WHAT IS BEING ASKED: Each line below from the one containing "składniki na spód do tarty kajmakowej" through the one containing "palabras-inventadas-publicidad-hamburguelicidad" is to be given again exactly, and no line outside that span.

***

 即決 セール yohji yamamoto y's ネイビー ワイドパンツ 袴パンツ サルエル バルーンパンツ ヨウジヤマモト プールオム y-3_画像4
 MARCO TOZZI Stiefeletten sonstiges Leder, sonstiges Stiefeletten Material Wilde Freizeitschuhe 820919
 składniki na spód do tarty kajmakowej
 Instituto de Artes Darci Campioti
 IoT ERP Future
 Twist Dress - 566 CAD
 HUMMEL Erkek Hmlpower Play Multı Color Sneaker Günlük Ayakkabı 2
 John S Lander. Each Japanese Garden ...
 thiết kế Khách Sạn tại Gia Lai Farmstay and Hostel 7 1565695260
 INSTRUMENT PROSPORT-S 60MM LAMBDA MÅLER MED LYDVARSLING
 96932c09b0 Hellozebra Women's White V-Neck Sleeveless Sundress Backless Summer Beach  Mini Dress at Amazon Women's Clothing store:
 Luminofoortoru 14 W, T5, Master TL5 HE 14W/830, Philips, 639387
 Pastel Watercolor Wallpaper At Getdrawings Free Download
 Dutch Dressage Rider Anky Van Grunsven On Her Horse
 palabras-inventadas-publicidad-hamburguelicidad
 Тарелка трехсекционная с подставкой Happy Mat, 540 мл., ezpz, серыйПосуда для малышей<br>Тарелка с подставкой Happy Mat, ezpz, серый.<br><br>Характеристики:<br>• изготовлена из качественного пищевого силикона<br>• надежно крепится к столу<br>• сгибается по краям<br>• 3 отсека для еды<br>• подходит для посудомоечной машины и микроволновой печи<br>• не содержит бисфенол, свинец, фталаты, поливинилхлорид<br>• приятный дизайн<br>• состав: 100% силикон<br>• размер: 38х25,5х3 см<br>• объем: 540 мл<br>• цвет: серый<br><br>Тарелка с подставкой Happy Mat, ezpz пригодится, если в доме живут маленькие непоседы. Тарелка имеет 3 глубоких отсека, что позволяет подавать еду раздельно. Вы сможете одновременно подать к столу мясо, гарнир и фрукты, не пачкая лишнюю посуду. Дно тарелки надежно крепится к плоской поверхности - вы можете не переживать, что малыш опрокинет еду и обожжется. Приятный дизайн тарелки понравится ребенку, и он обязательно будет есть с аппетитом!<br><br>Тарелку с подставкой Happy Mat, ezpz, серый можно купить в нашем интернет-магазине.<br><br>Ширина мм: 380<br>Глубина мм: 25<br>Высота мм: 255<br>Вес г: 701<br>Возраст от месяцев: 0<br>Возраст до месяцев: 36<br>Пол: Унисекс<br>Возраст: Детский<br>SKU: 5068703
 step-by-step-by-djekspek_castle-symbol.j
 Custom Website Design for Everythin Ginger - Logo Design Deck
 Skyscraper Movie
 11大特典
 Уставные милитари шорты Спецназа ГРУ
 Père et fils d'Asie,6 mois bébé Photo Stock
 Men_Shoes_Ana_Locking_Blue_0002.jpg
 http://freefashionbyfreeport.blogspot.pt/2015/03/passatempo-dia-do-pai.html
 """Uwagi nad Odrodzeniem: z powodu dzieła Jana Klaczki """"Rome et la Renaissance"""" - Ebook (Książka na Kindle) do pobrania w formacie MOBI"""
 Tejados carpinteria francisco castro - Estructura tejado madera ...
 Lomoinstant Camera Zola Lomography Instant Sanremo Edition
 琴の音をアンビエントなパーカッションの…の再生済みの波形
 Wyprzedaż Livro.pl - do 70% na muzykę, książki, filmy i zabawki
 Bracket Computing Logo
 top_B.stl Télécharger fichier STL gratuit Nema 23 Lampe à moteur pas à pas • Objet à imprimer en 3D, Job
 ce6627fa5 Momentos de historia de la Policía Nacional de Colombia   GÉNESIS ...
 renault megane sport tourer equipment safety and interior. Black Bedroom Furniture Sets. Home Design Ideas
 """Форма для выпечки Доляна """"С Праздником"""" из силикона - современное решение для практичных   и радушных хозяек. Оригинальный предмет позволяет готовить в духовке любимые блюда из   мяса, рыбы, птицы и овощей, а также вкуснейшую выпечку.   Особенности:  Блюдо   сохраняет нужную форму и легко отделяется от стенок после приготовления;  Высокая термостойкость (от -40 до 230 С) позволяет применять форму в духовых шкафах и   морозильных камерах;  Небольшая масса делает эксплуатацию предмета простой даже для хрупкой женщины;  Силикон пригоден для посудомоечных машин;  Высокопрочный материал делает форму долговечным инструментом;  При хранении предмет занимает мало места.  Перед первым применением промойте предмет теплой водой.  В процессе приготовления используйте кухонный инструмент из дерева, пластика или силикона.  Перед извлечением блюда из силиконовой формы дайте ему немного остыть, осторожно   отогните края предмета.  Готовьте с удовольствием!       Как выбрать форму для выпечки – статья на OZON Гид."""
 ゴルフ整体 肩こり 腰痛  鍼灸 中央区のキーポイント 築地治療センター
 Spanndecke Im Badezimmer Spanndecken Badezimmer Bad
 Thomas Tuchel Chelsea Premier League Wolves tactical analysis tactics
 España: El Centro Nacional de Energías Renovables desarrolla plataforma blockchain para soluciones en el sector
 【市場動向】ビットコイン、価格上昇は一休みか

***

TASK ANSWER:
 składniki na spód do tarty kajmakowej
 Instituto de Artes Darci Campioti
 IoT ERP Future
 Twist Dress - 566 CAD
 HUMMEL Erkek Hmlpower Play Multı Color Sneaker Günlük Ayakkabı 2
 John S Lander. Each Japanese Garden ...
 thiết kế Khách Sạn tại Gia Lai Farmstay and Hostel 7 1565695260
 INSTRUMENT PROSPORT-S 60MM LAMBDA MÅLER MED LYDVARSLING
 96932c09b0 Hellozebra Women's White V-Neck Sleeveless Sundress Backless Summer Beach  Mini Dress at Amazon Women's Clothing store:
 Luminofoortoru 14 W, T5, Master TL5 HE 14W/830, Philips, 639387
 Pastel Watercolor Wallpaper At Getdrawings Free Download
 Dutch Dressage Rider Anky Van Grunsven On Her Horse
 palabras-inventadas-publicidad-hamburguelicidad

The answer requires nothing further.